Aí se diz quase tudo. A esperança foi excelente slogan, que acompanhou um candidato que fez aposta alta, de longo prazo. Contudo, como mote e postura que acompanhe o presidente da nação mais poderosa da terra é perigosamente reverente.

A tarefa, para avançar (expressão que Obama adora), não implica abandonar a esperança.
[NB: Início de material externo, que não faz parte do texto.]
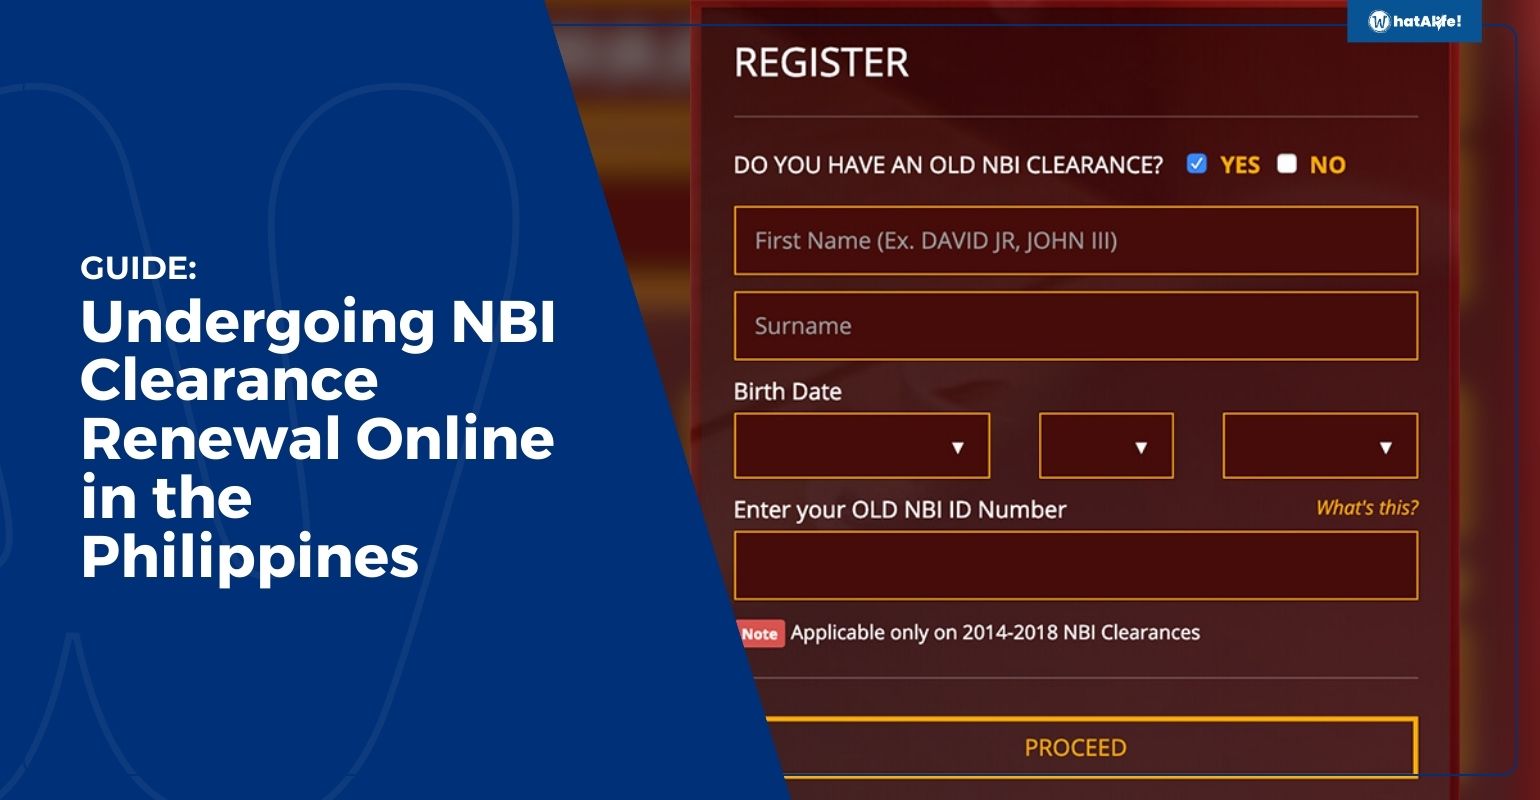 GUIDE: Undergoing NBI Clearance Renewal Online in the Philippines

Implica, sim, encontrar melhores pontos nos quais apoiar a esperança – nas fábricas, nas comunidades, nos bairros, nas periferias, locais e espaços em que comícios, reuniões, manifestações de rua e ocupações começam já a renascer.

Sam Gindlin, cientista político, escreveu recentemente que o movimento de trabalhadores pode fazer muito mais do que apenas tentar preservar para si algum status quo.

Os trabalhadores podem, por exemplo, exigir que fábricas falidas e desativadas sejam convertidas em instalações 'verdes', onde se fabriquem veículos de transporte coletivo e se criem tecnologias não poluidoras e sistemas de energia renovável. "Ser realista significa arrancar a esperança dos discursos e metê-la nas mãos dos que trabalham", escreveu ele.

Com o quê chegamos à última entrada desse léxico.

Esperança em movimento. Sentença exemplar: "Basta de crer em esperança que cai do céu. É preciso ativar a esperança em movimento, nos movimentos, de baixo para cima."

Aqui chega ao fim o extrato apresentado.